US investigators will face a host of thorny questions in determining whether the fatal shooting of a woman by a federal agent in Minneapolis last week was justified, as local and national officials recount drastically different accounts of an incident that sparked nationwide protests.

Several videos have emerged showing US Immigration and Customs Enforcement (ICE) agent Jonathan Ross firing at and killing Renee Good, 37, while she was behind the wheel of her burgundy Honda in a residential neighbourhood of the northern city.

President Donald Trump and his administration have described Good as a domestic terrorist who was trying to run over the ICE agent, while state officials have said Good, a mother of three, was trying to leave the scene.

Former law enforcement officials told the BBC that a review of the incident could plausibly find the agent was justified in using deadly force because he believed Good was a threat. But they said Trump officials' strong public statements in support of Ross in the immediate aftermath of the shooting could complicate the investigation.

When you have that much command and influence of everyone saying (the shooting) is already justified before the facts are in... I think that's where you have problems, former FBI special agent Robert D'Amico said.

Local and federal officials have both cited video footage of the incident to support their interpretations of the event. Multiple angles show ICE agents approaching a car in the middle of the street and asking the driver - Good - to get out. One of the agents then tugs at the driver's side door handle. As the vehicle begins to move forward, an agent stood in front of the car - Ross, who was also filming - points and shoots at Good. The car turns away from the officers and crashes on the side of the road.

Local and state officials say the videos demonstrate that Good was not a threat as she was turning away from the agent. Federal officials, meanwhile, say the videos are evidence that Good was trying to drive her car into the officer and that his only choice was to use deadly force.

But former law enforcement officials told the BBC that judgments from both sides of the argument should have been withheld until a full investigation had been completed. This is a politically charged situation where people on both the left and on the right have come to their conclusions before the investigation even started, said Ken Gray, a former FBI agent and a professor at the University of New Haven's Criminal Justice Department.

When analysing whether the ICE officer was justified in shooting Good, investigators will have to compare Ross's actions in the videos to the Department of Homeland Security's (DHS) policy on the use of deadly force. Former law enforcement agents said a previous episode in which Ross was injured on duty - as well as the quick determinations he had to make about the threat level - will likely be seen by federal investigators as providing that official justification.

Under DHS policy, agents are authorised to use deadly force if they believe they are at risk of death, imminent threat of death or grievous bodily harm, Gray said. A specific clause states that officers cannot fire at a moving vehicle unless someone in the car is threatening the officer or unless the vehicle is operated in a manner that threatens to cause death or serious physical injury and no other objectively reasonable means of defence appear to exist, which includes moving out of the path of the vehicle.

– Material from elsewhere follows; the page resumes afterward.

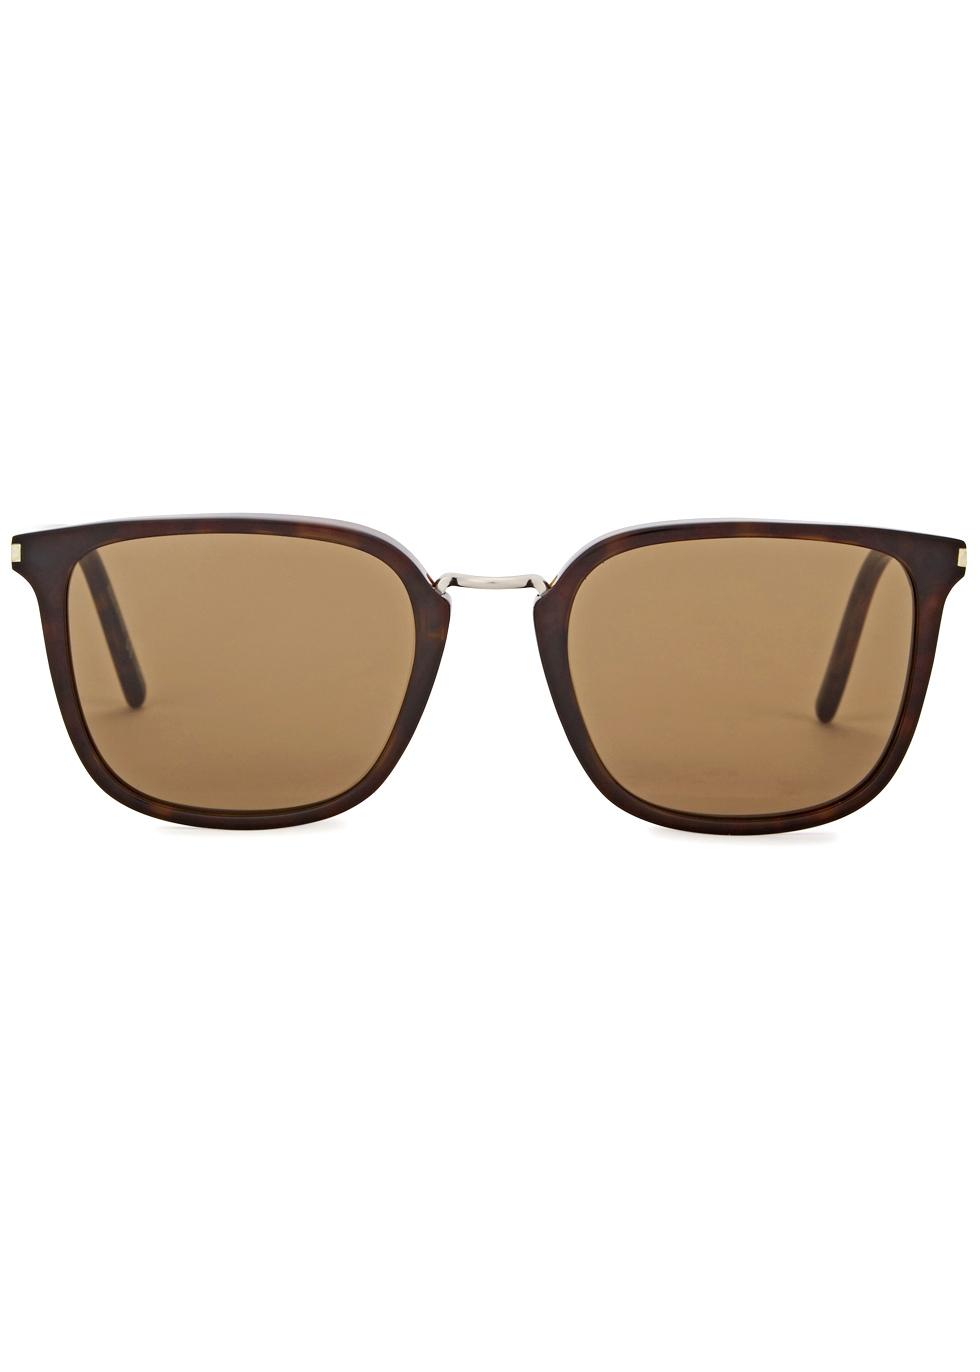 SL 131 tortoiseshell square-frame sunglasses - Saint Laurent
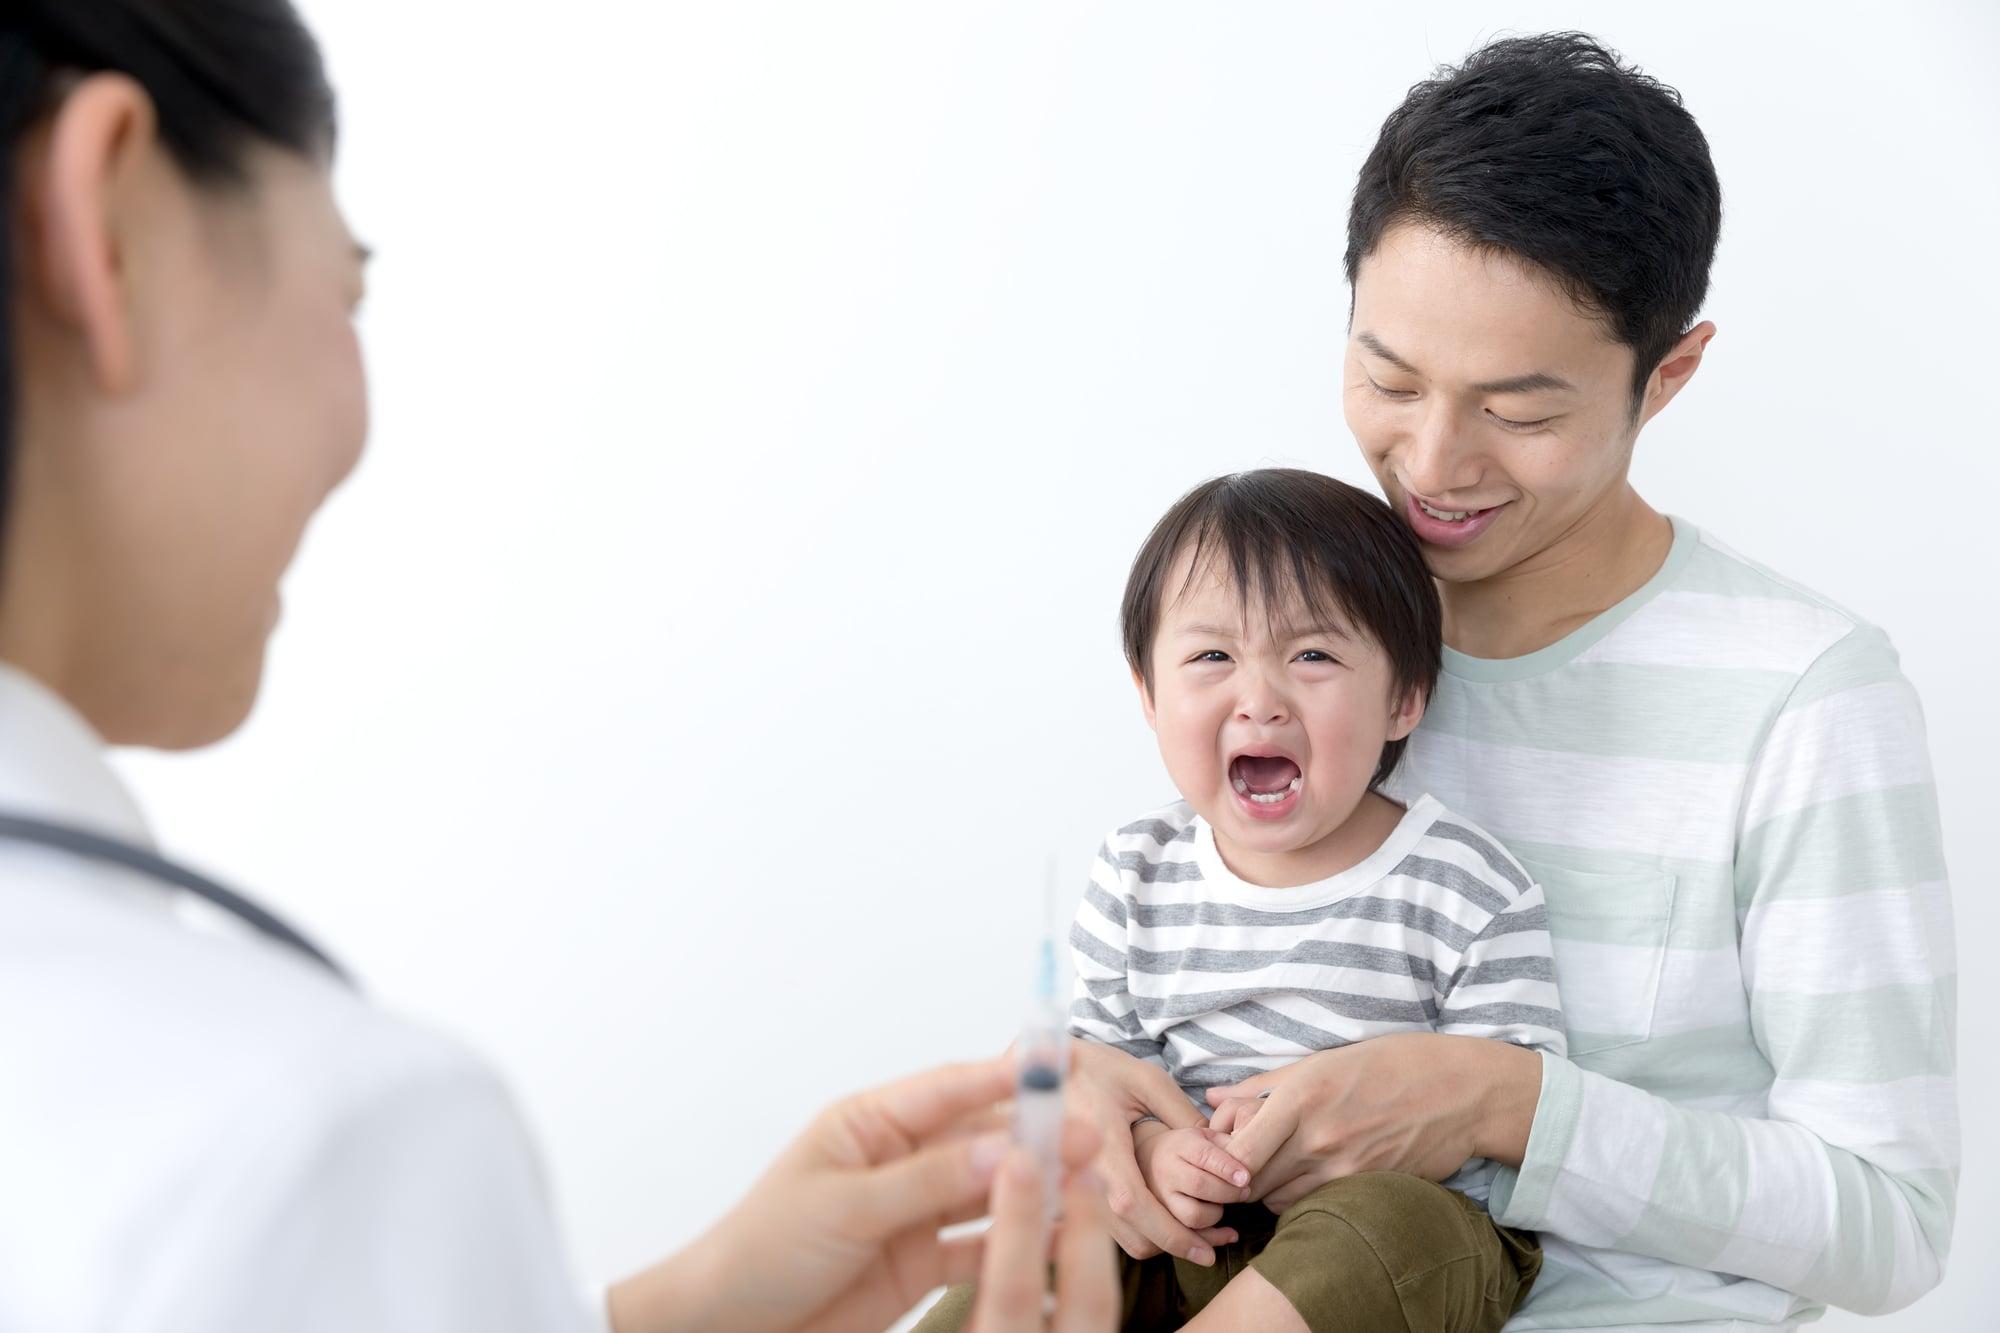 注射なんて大きらい!悩む子どもやママに読んでほしい絵本『つぎはわたしのばん』#ママの悩みに寄り添う絵本 | ママスタセレクト - Part 3

Under the policy, officers can shoot at a threatening person inside the vehicle, but they cannot try to stop the car by shooting it. Gray said Good may not have been purposely trying to run over the agent. But from the point of view of the officer or agent, all he knows is that this car is about to hit him, he said. If I were placed in the same situation, I think I would have shot.

Federal officials conducting the review will also consider that, just months earlier, Ross was dragged by a car and injured after confronting someone else in a vehicle. The incident could have convinced him Good was a similar threat, law enforcement experts said. D'Amico added that even if officials determine Ross's first shot at Good was justified, it might be harder to justify the second and third rounds Ross appeared to fire after the vehicle pulled away from him.

He added that it would have been easy to find justification to use deadly force during arrests made during his own career, such as when a suspect reached for an unspecified object. But that did not mean such force was always the best course of action.

I think they're going to find that (the shooting) was justified, said D'Amico. But just because you can take the shot doesn't mean you should.

In their review process, federal agents will also examine evidence beyond the videos, including reconstructing the scene physically and digitally, said Christopher Piehota, former head of the FBI Science and Technology Programs. Witness accounts, background information about Ross and Good and details about what else was going on that morning will help them examine what Piehota called the totality of the circumstances.

Minnesota officials have said the federal government has blocked them from participating in the investigation. And Governor Tim Walz has expressed concerns that a probe conducted only by federal officials could be biased. Local officials have said they will conduct their own review. The state is also suing the federal government over ICE's deployment there.